Buy or hire your restraint several weeks before you'll need it. This will give you time to get used to installing it.
- Always try the restraint in the car before you buy. Not all restraints fit all vehicles: some won't fit when they're in the rear-facing position, and sometimes the safety belt won't be long enough to secure the restraint. If your family has 2 cars, try the restraint in both.
- Never place rear-facing restraints (including capsules) in the front passenger seat if the car has an airbag that can’t be disabled. In a crash, the airbag will throw the restraint up against the passenger seat and the baby could be seriously injured or killed. Research shows that children are safest in the rear of the vehicle.
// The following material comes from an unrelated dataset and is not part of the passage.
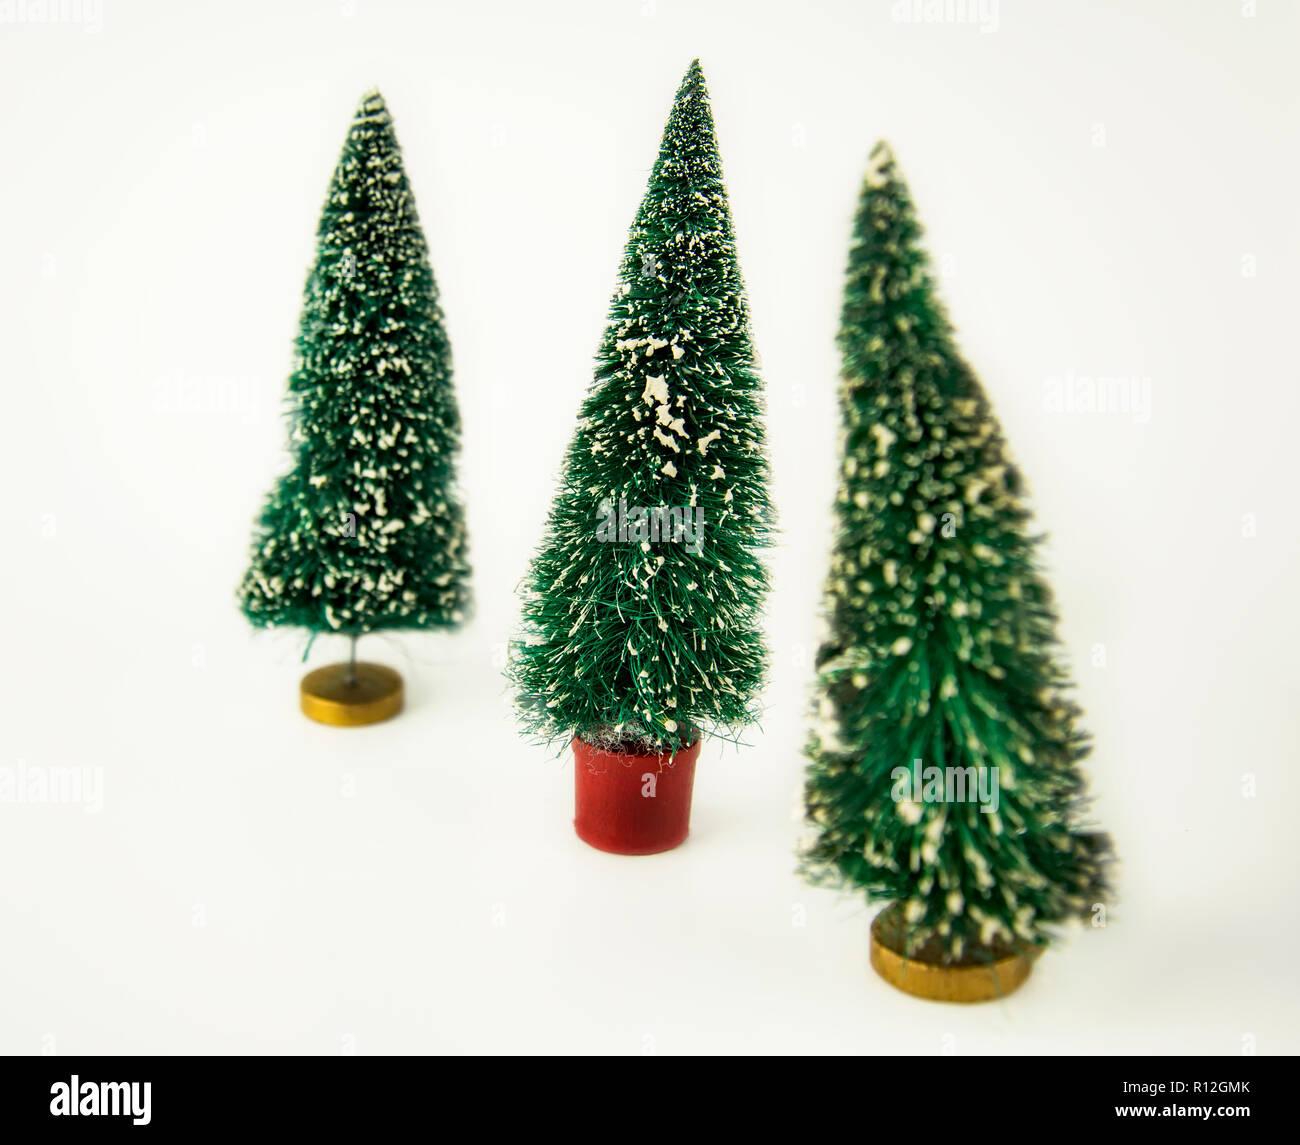 Weihnachtsbaum Plastik Weiß.Plastikweihnachtsbaum Stockfotos Plastikweihnachtsbaum Bilder Alamy

- A restraint that’s incorrectly installed or fitted will put a child at risk of serious injury or death. If you’re installing the restraint yourself, always follow the manufacturer's instructions. Retailers may have staff who are child restraint technicians, or you can find your nearest technician here. Technicians have had training and can advise you on your choice of restraint and show you how to install it properly.
Car seat standards
Car seats in New Zealand must meet one of 3 standards.
All children under 7 years of age must be in an approved child car seat when they're travelling in a car or van. The law also says you should correctly secure your child in an approved child restraint if one is available from their 7th until their 8th birthday.
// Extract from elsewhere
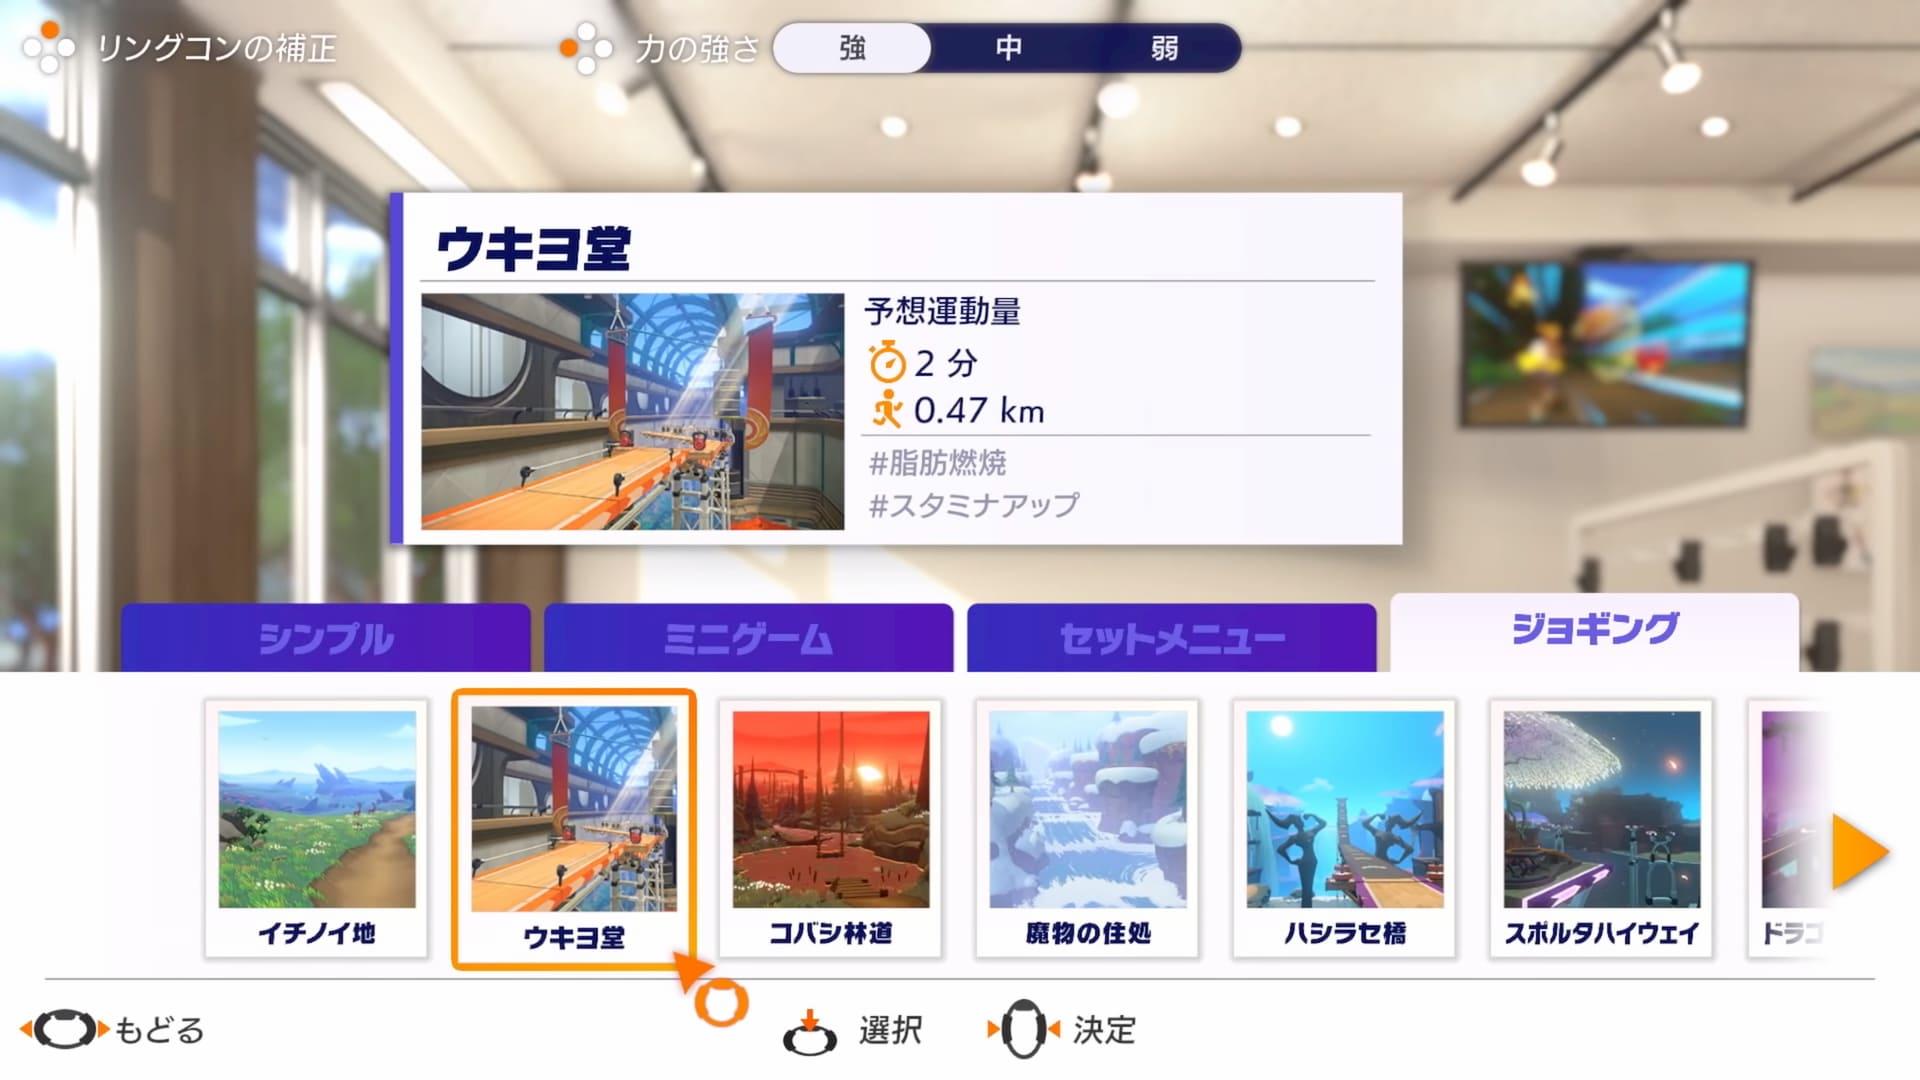 「ジョギング」モード コース選択画面

The seat must be certified to one of 3 standards and suitable for the age, weight, height and physical development of the child. The 3 standards
- Australian/New Zealand standard AS/NZS1754: This can be identified by the Australian "tick" mark.
- US standard FMVSS213: Restraints that comply with this standard must show the number FMVSS213. They carry the "S" mark to show they have been certified for use in New Zealand.
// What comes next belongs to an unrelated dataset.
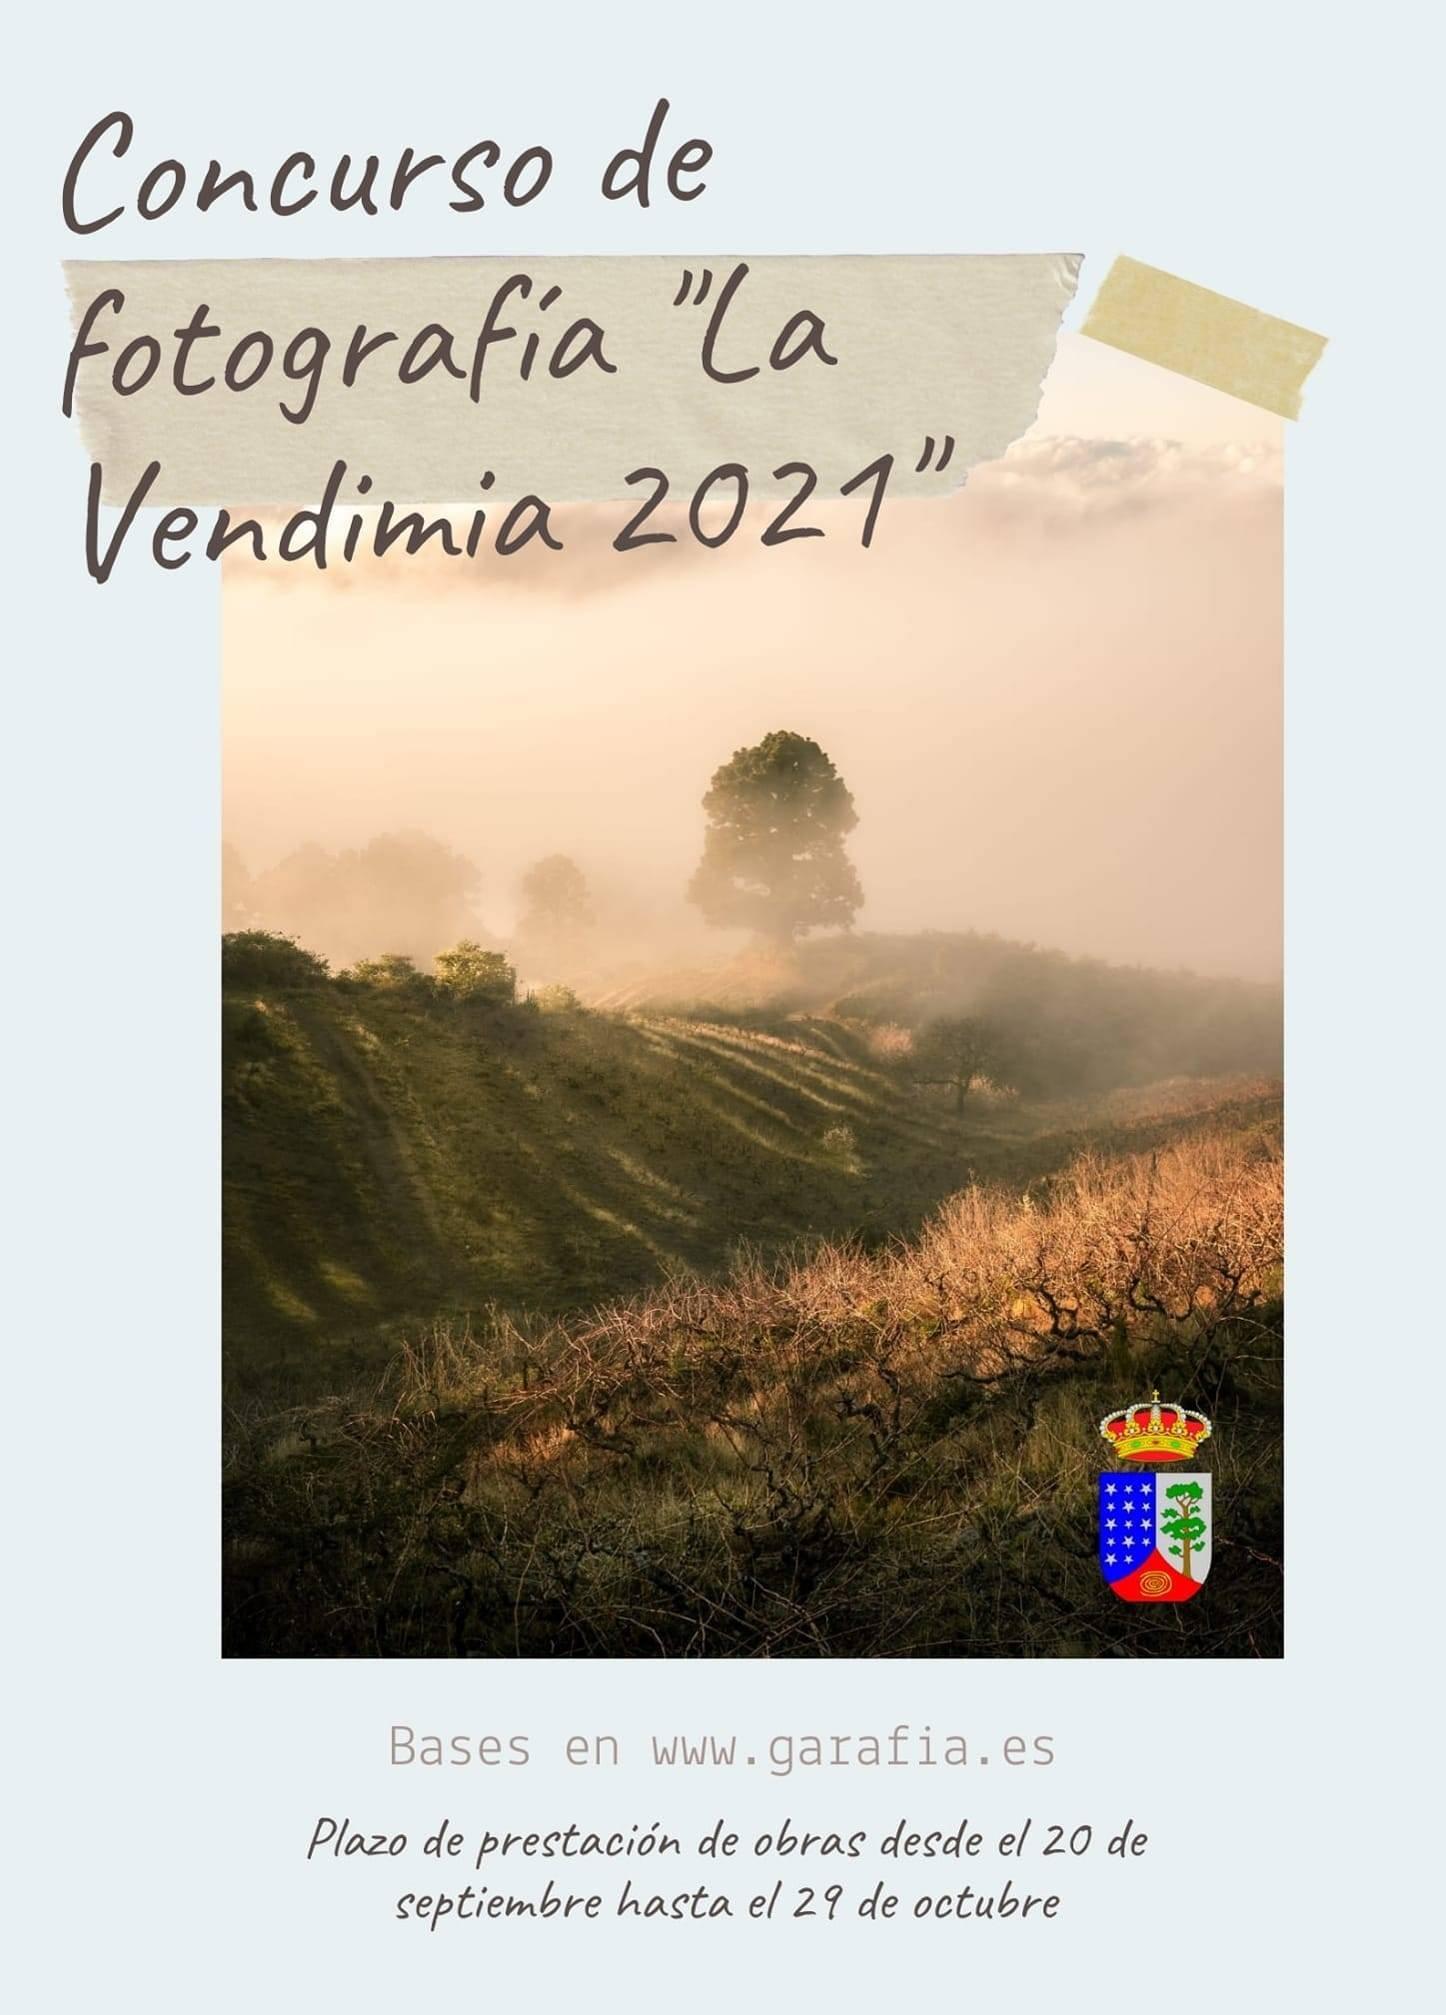 Concurso de fotografía 'La Vendimia' (2021) - Garafía (Santa Cruz de Tenerife)

- European standard ECE R44.04: This is labelled with a circle containing an "E" (the number in the circle varies depending on the European country where the seat's manufactured).
Several things are very important when you're buying a car seat:
- It must be the right size – for your car as well as your child.
- It must meet a recognised safety standard (see "Car seat standards").
- The frame, straps, clips and padding must be in good working order.
- The restraint must be installed correctly in the car.
- Your child must be secured properly in the seat.
- Keep older children (primary school age) in a booster seat until they are tall enough to fit a safety belt, positioned correctly.
Don't buy second-hand
A second-hand restraint may have been bought overseas and may not comply with safety standards. Or it may have been in an accident. Or the instructions (or extras such as a locking clip) may be missing. Or it may simply be too old.
Over time, plastic can become brittle and the webbing fabric can deteriorate from friction or from exposure to the sun. A restraint that will survive a severe impact in its first few years after manufacture may fail in an accident 10 years later.
If buying a new child restraint is beyond your budget, you can apply to WINZ for a Special Needs grant to buy one.
Hiring a child restraint
Any restraint needs to keep pace with your child’s growth – which means you’ll need more than one restraint before your child is old enough to use the adult safety belt on its own. You may end up using a capsule for only 6 months to a year. So some parents hire capsules and other child restraints from hire companies or a retailer.